= William Twining (military physician) =

William Twining (1790–1835) was a British military surgeon who practiced in the Indian Subcontinent.

==Early life==
William Twining was born in 1790. His father was Reverend William Twining of Nova Scotia. His grandfather, Griffith Twining, had (in 1770) left his home in Clarbeston, Pembrokeshire, Wales to be a missionary abroad. The family has origins in the town of Twining near Tewkesbury. By common ancestry from the 1400s with the Twining family of Pershore, Twining was a distant relation to Richard Twining of Twinings and the East India Company tea trade.

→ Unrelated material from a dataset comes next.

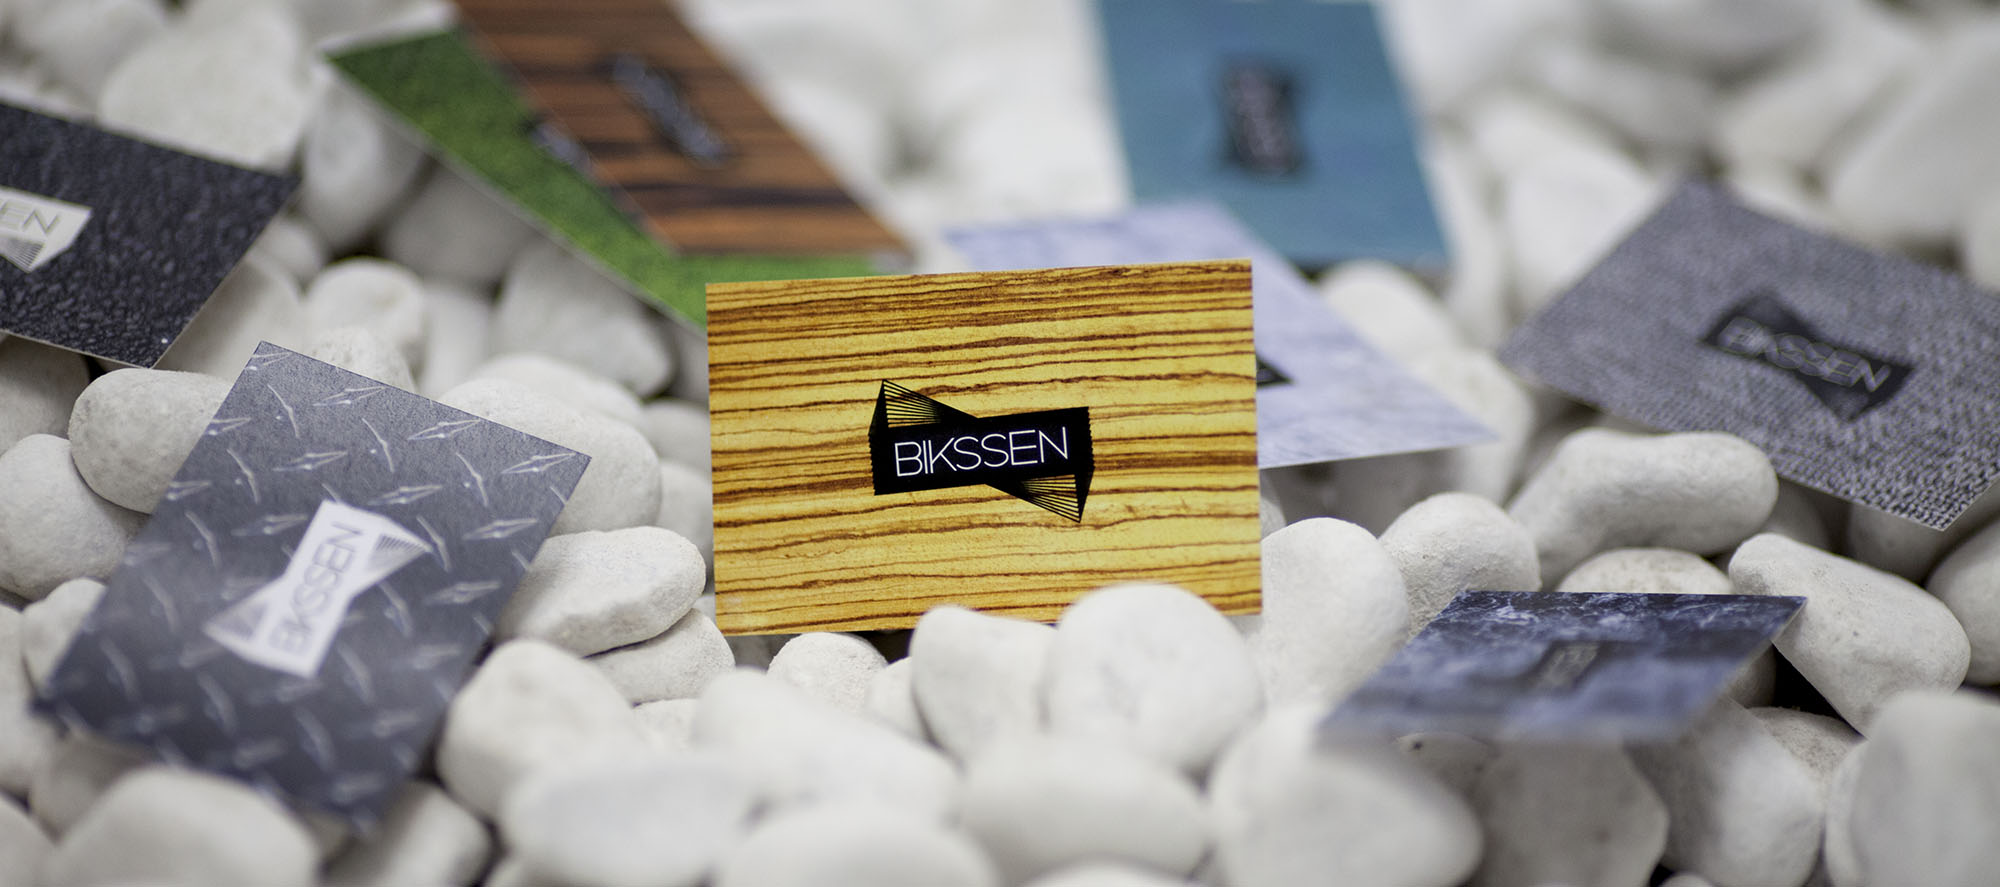 bikssen arquitectura design marca identidad tarjetas

Twining began studying medicine at Guy's Hospital under Astley Cooper in 1808. For two years, he worked as an anatomy demonstrator for Joshua Brookes.

==Career==
In 1821, he became personal surgeon to Edward Paget, Governor of Ceylon. In 1824, he became the Assistant Surgeon to the Bengal Establishment in the East India Company. While in that role, he also continued his term of military service through 1830.

In 1835, Twining wrote what seems to be the first modern clinical description of kala azar, which he called "tropical sprue". In his description, he said that it was "endemic cachexia of the tropical countries that are subject to paludal exhalations", and then listed characteristics which match contemporary understanding of the disease.